**Task requirements**: Return the listing that follows exactly, with no pictures included.

***** Collected data *****

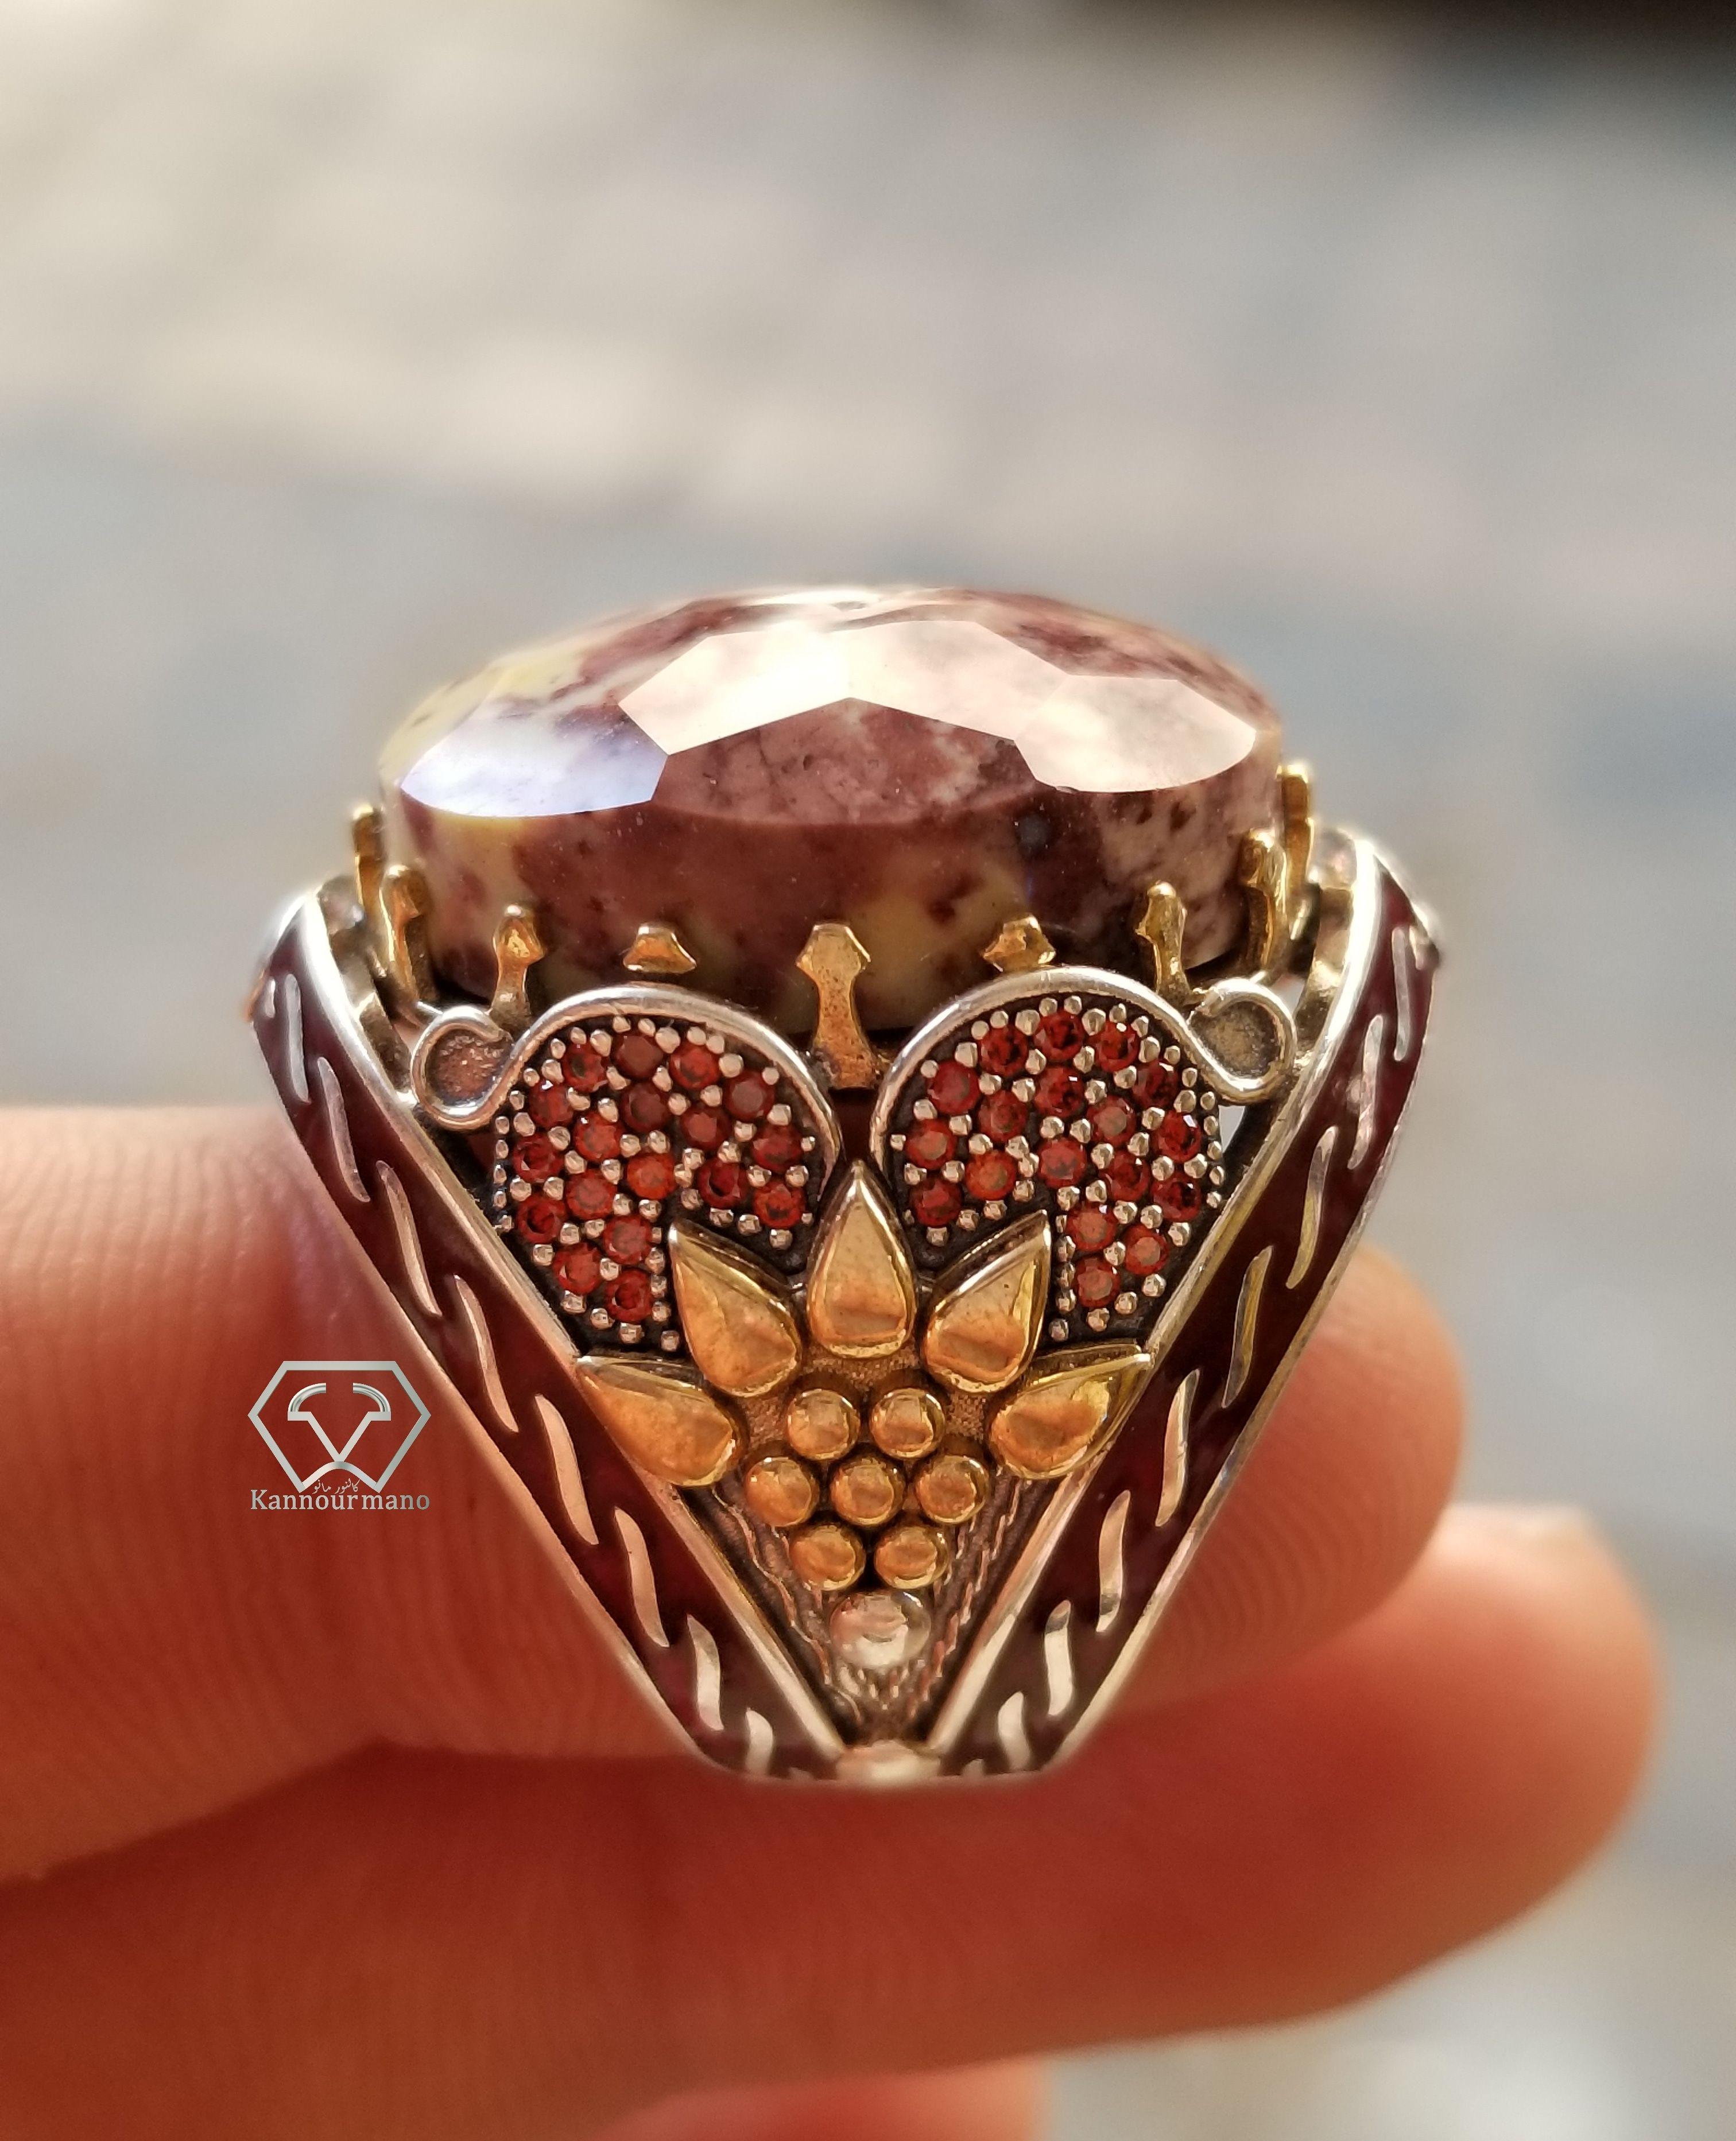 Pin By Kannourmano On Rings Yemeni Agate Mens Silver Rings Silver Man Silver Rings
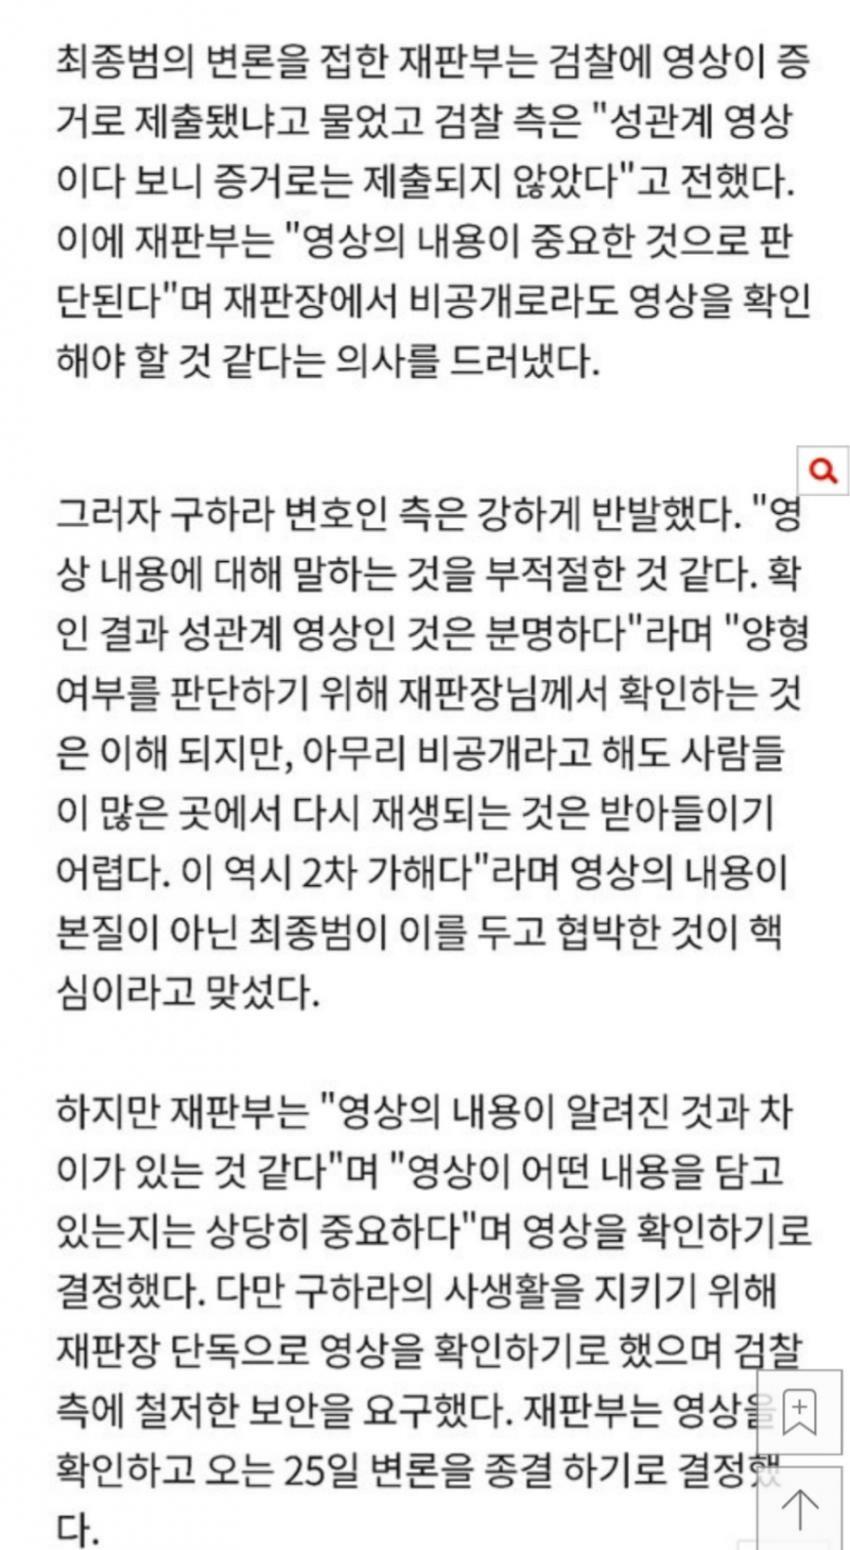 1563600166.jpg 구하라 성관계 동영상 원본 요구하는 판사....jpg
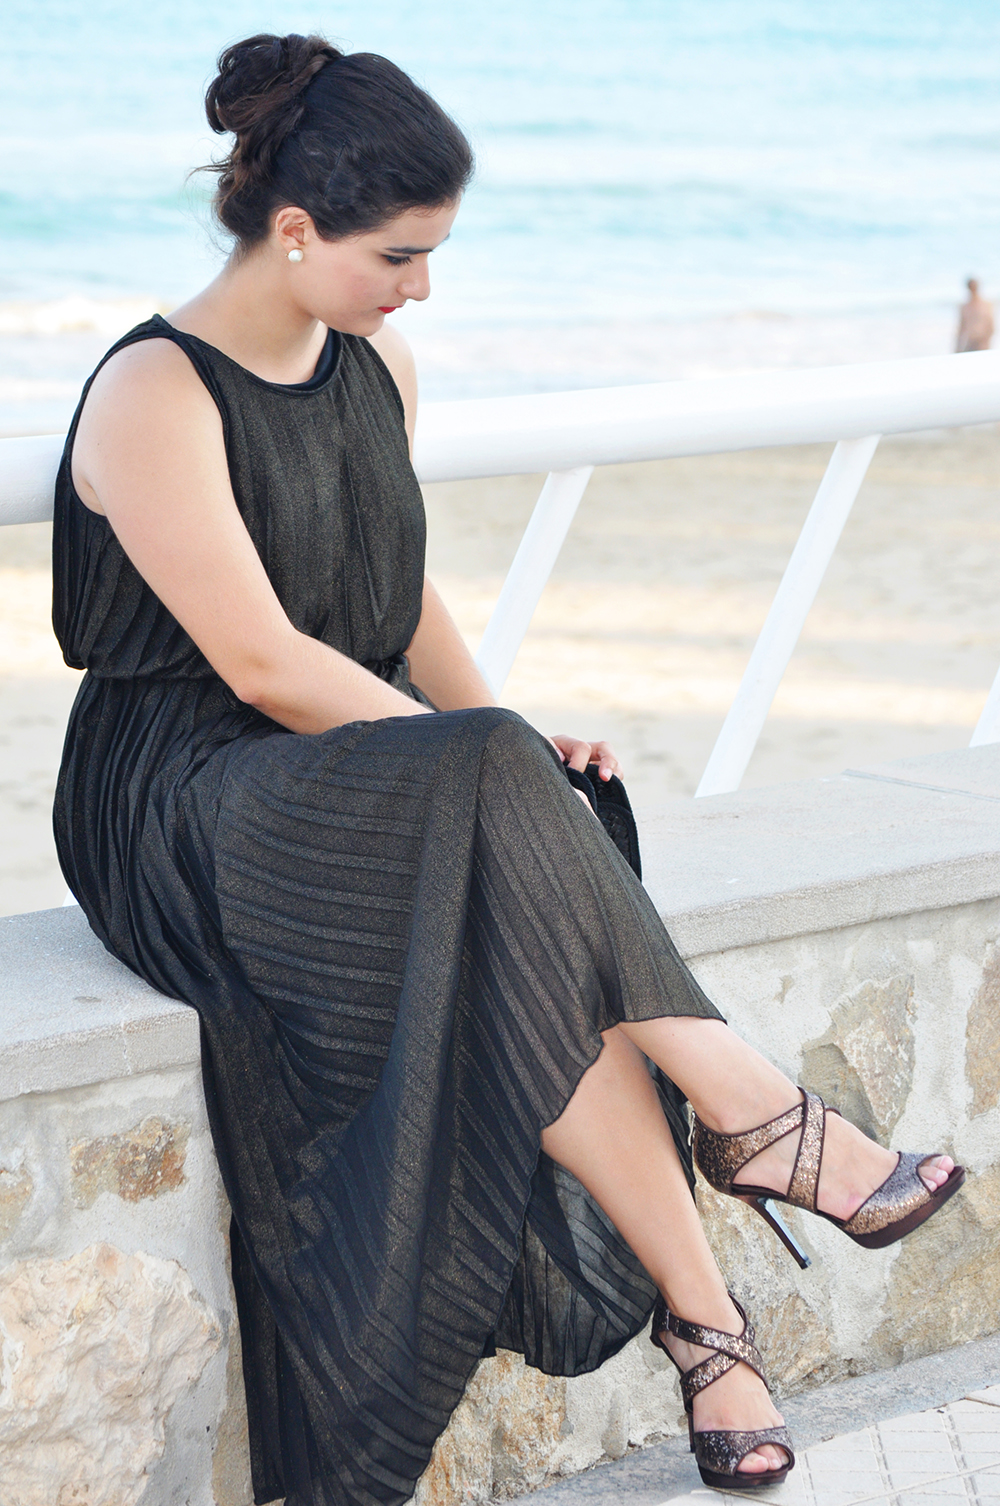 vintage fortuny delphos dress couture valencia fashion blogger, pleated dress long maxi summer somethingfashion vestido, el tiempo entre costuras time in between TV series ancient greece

*****

**Your response**:
 Pin By Kannourmano On Rings Yemeni Agate Mens Silver Rings Silver Man Silver Rings
 1563600166.jpg 구하라 성관계 동영상 원본 요구하는 판사....jpg
 vintage fortuny delphos dress couture valencia fashion blogger, pleated dress long maxi summer somethingfashion vestido, el tiempo entre costuras time in between TV series ancient greece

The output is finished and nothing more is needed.